Том 8. Жизнь ненужного человека. Исповедь. Лето - Страница 106


К оглавлению

106

— Гляди веселей! Да не ходи с козырей — проиграешься!

Видимо, считают они себя людьми зажиточной души, а я для них подобен нищему, — и вот, не торопясь, готовятся напоить от мудрости своей жаждущую душу мою. Ссориться, спорить с ними хочу, а к чему привязаться — не умею, не вижу, и это ещё больше разжигает меня. Спрашиваю зря:

— Что такое — пустой человек?

Дядя отвечает:

— А которого всем, чем хочешь, набить можно!

Вдруг Михайла тихонько подвинулся ко мне и мягким голосом осведомляется:

— Вы в бога веруете?

— Верую.

Но сконфузился я после ответа своего: не то! Разве я — верую?

Михайла снова спрашивает:

— А людей — уважаете?

— Нет, — отвечаю.

— Разве, — говорит, — не кажется вам, что они созданы по образу и подобию бога?
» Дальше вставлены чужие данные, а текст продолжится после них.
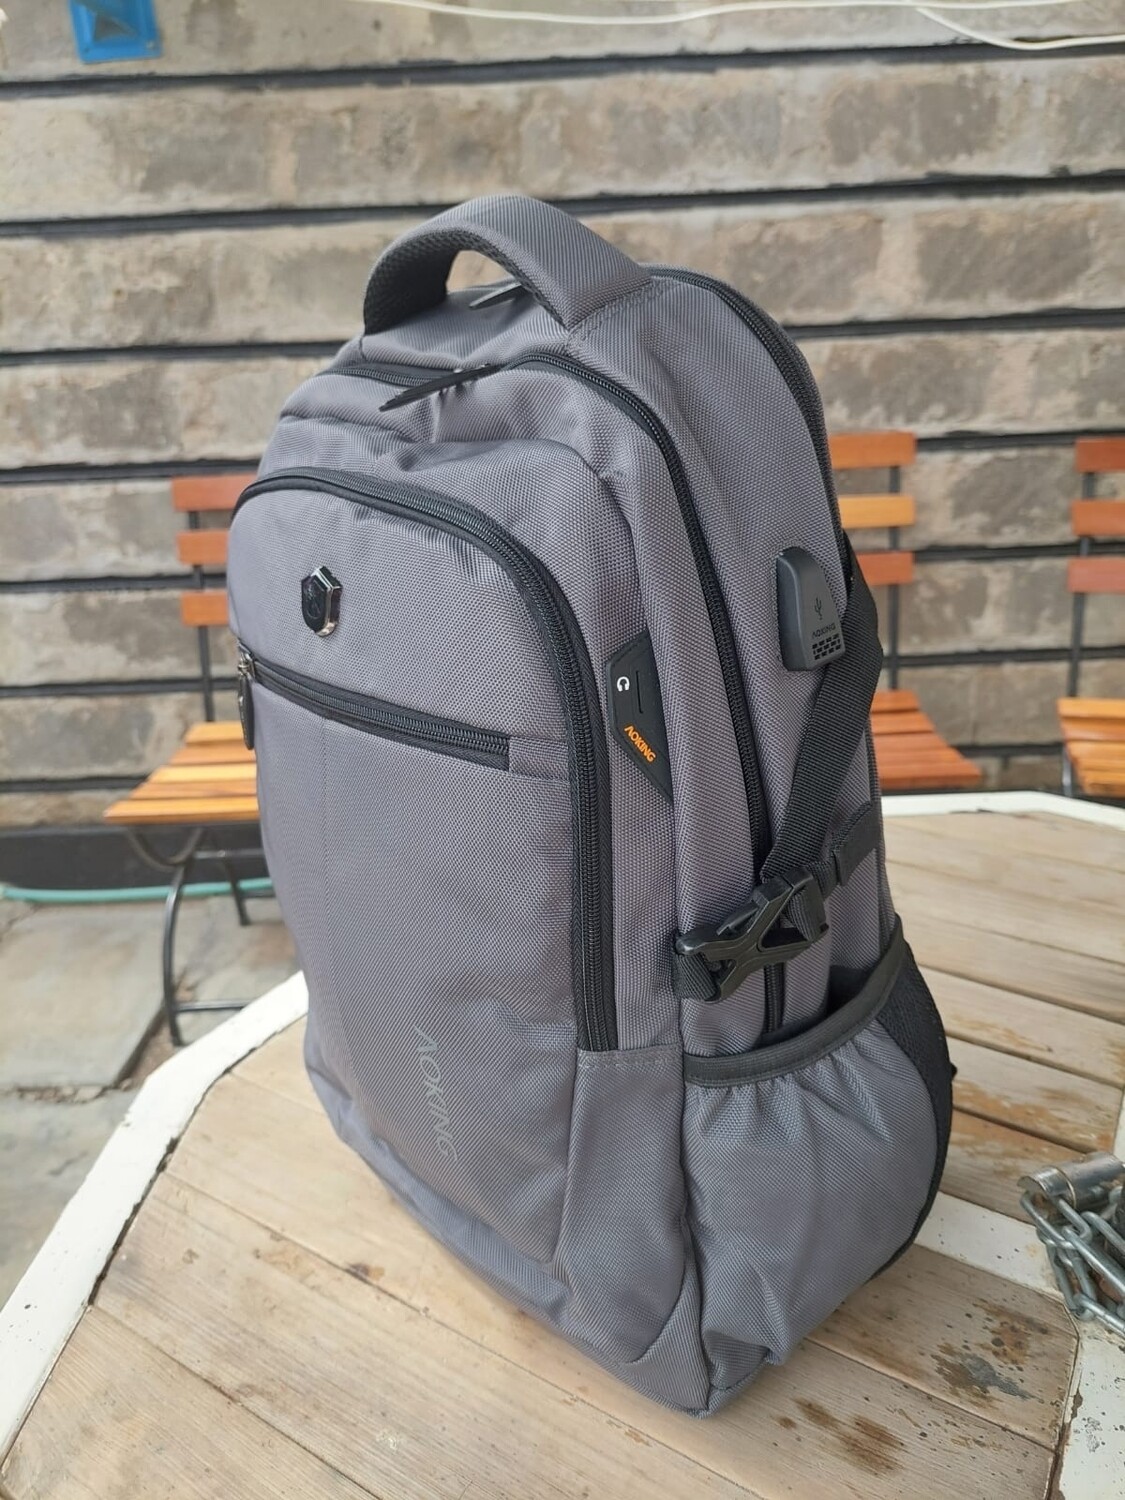 Aoking travel laptop bag, travel bag, school bag

Дядя, чёрт его возьми, ухмыляется, как медный таз на солнце.

«Нет, — думаю, — с этими надо бороться искренностью; развалюсь перед ними весь на куски, пусть-ка складывают!»

И говорю:

— Глядя на людей, усомнился я в силе господа…

Снова не то: усомнился я в боге раньше, чем увидал людей. Михайла, округлив глаза, задумчиво смотрит мне в лицо, а дядя тяжело шагает по комнате, гладит бороду и тихонько мычит. Нехорошо мне пред ними, что принижаю себя ложью. В душе у меня бестолково и тревожно; как испуганный рой пчёл, кружатся мысли, и стал я раздражённо изгонять их — хочу опустошить себя. Долго говорил, не заботясь о связности речи, и, пожалуй, нарочно путал её: коли они умники, то должны всё разобрать. Устал и задорно спрашиваю:

— Чем же и как полечите вы больную душу?

Михайла, тихо и не глядя на меня, говорит:

— Не считаю я вас больным…

Дядя опять хохочет — гремит, словно чёрт с полатей свалился.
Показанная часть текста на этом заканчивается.